⟨

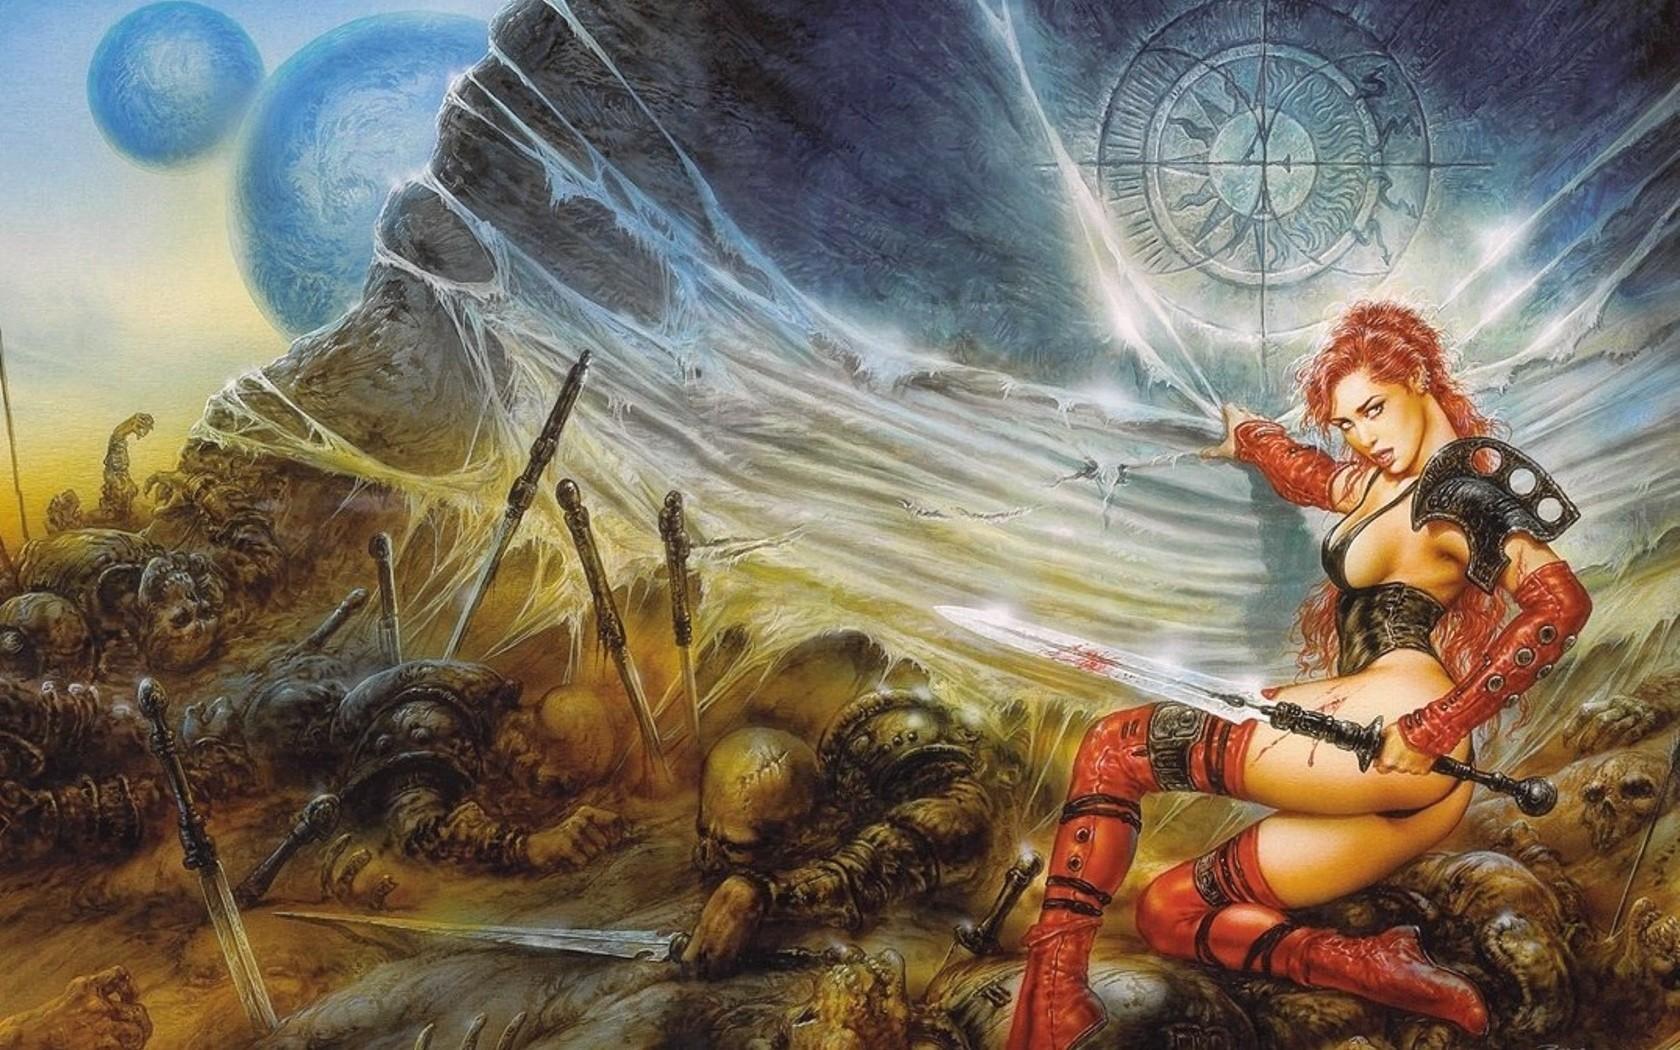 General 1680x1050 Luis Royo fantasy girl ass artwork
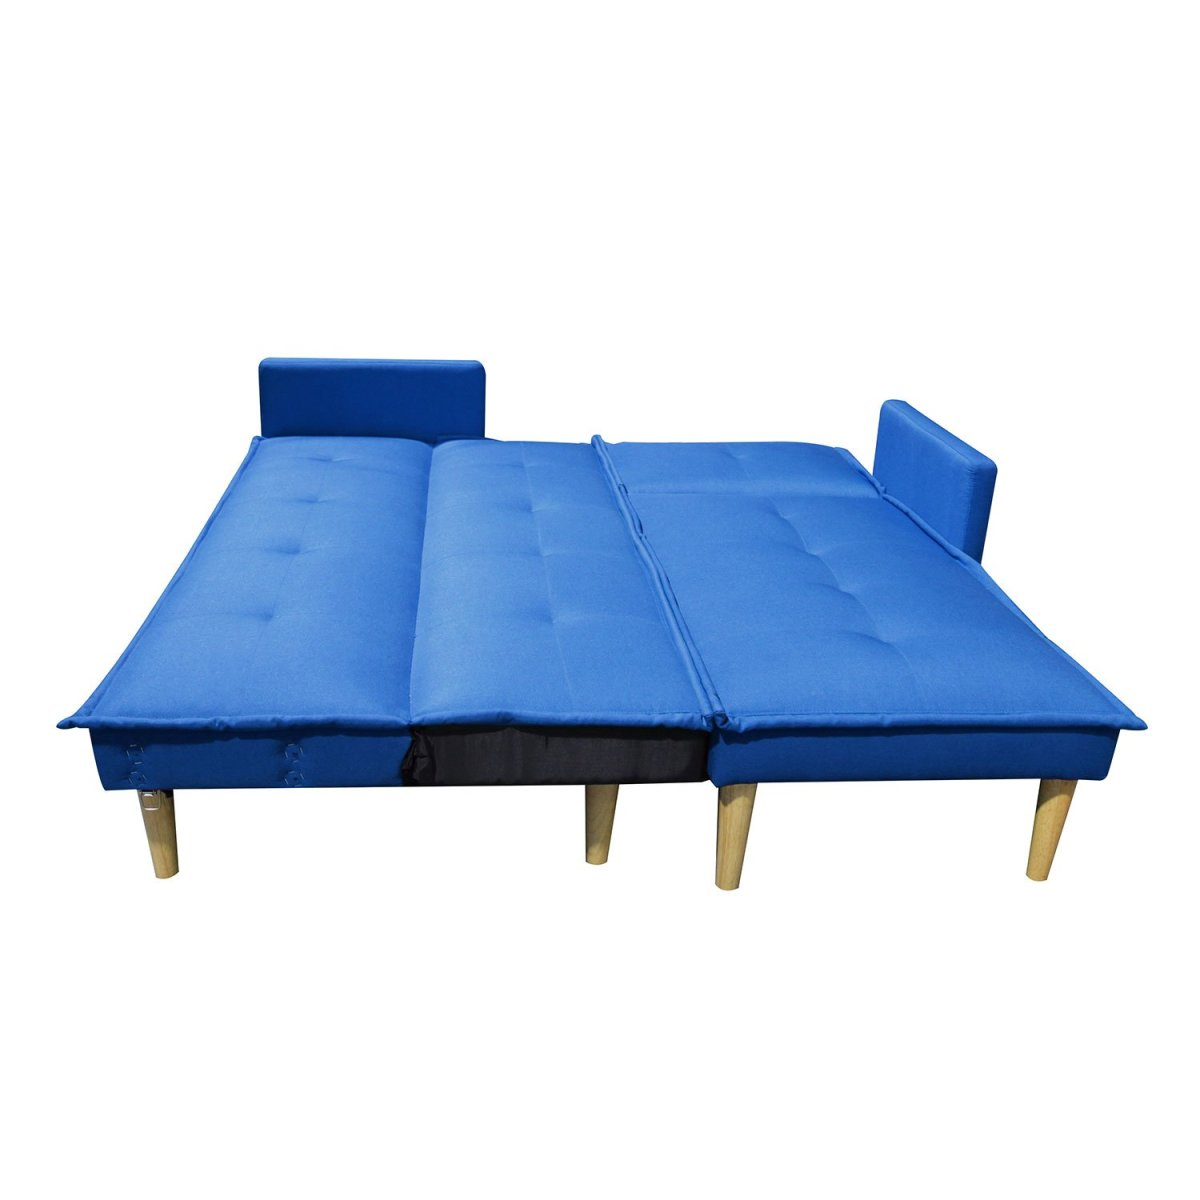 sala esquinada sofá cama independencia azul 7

⟩
⟨

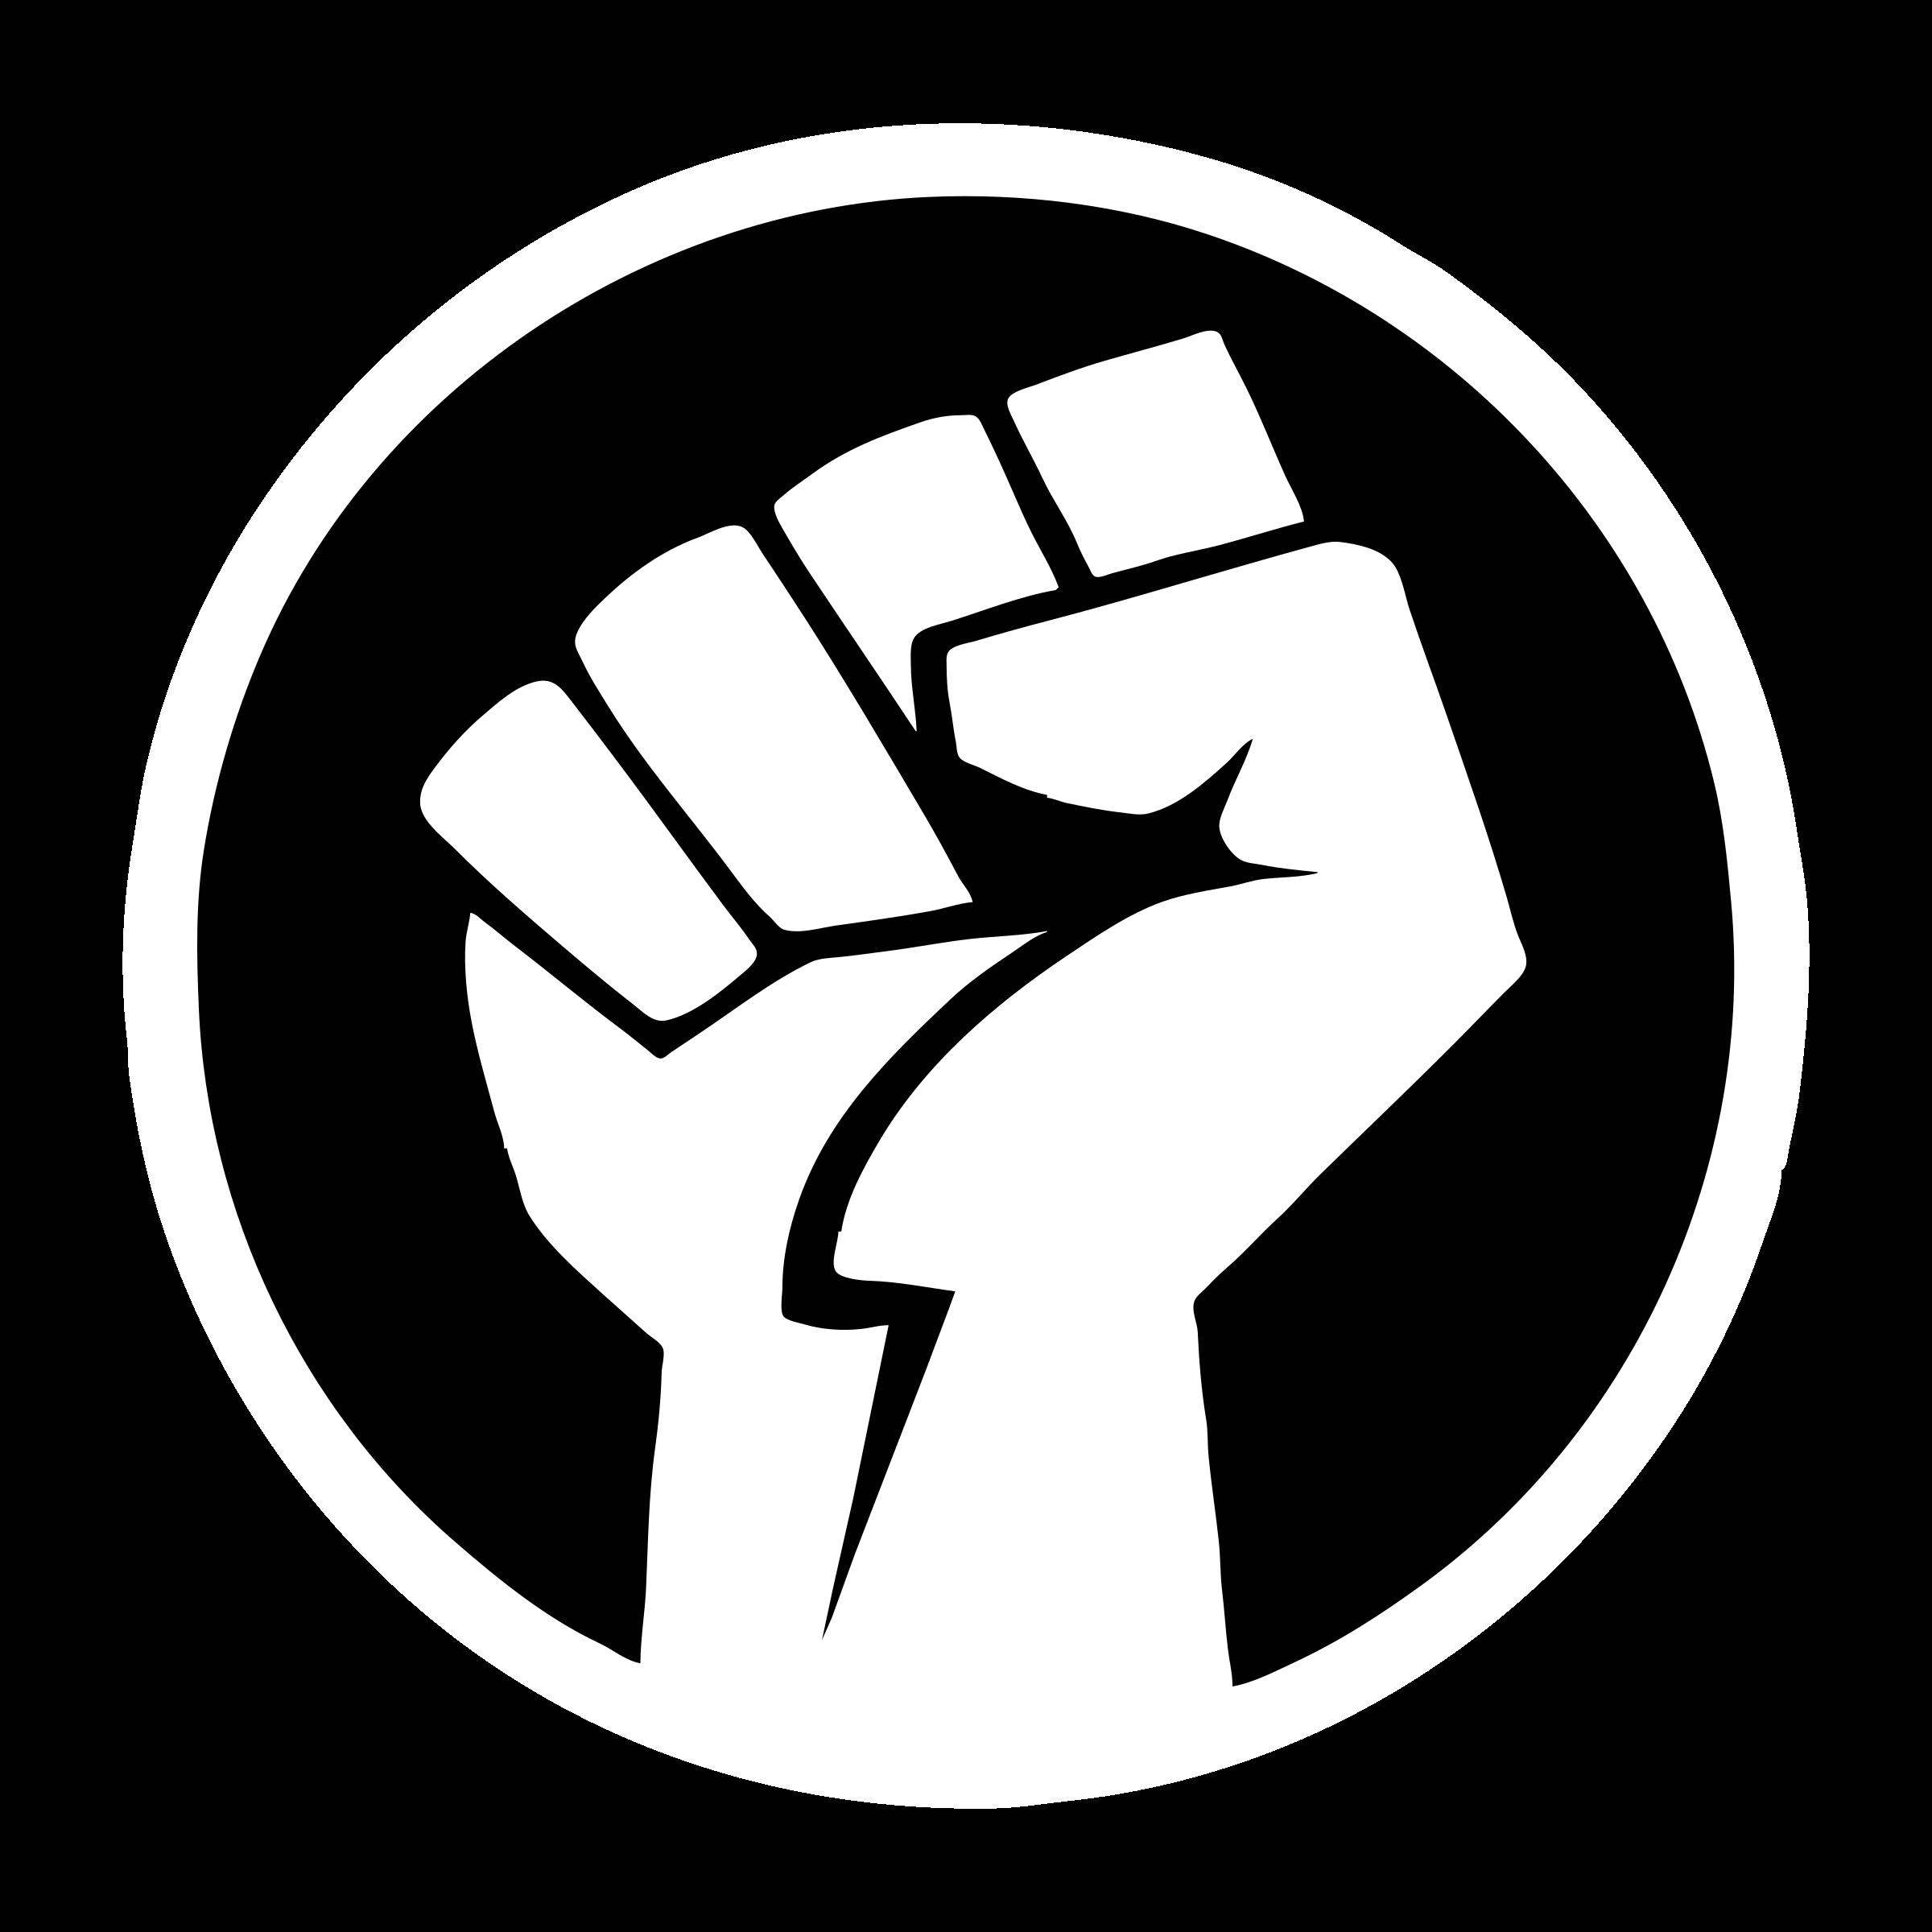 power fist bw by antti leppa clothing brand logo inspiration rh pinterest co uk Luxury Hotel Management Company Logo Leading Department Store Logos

⟩

### Work request:
Restate the lines above from the one containing "General 1680x1050 Luis" through the one containing "sala esquinada sofá", inclusive, exactly and without pictures.

### Problem solution:
 General 1680x1050 Luis Royo fantasy girl ass artwork
 sala esquinada sofá cama independencia azul 7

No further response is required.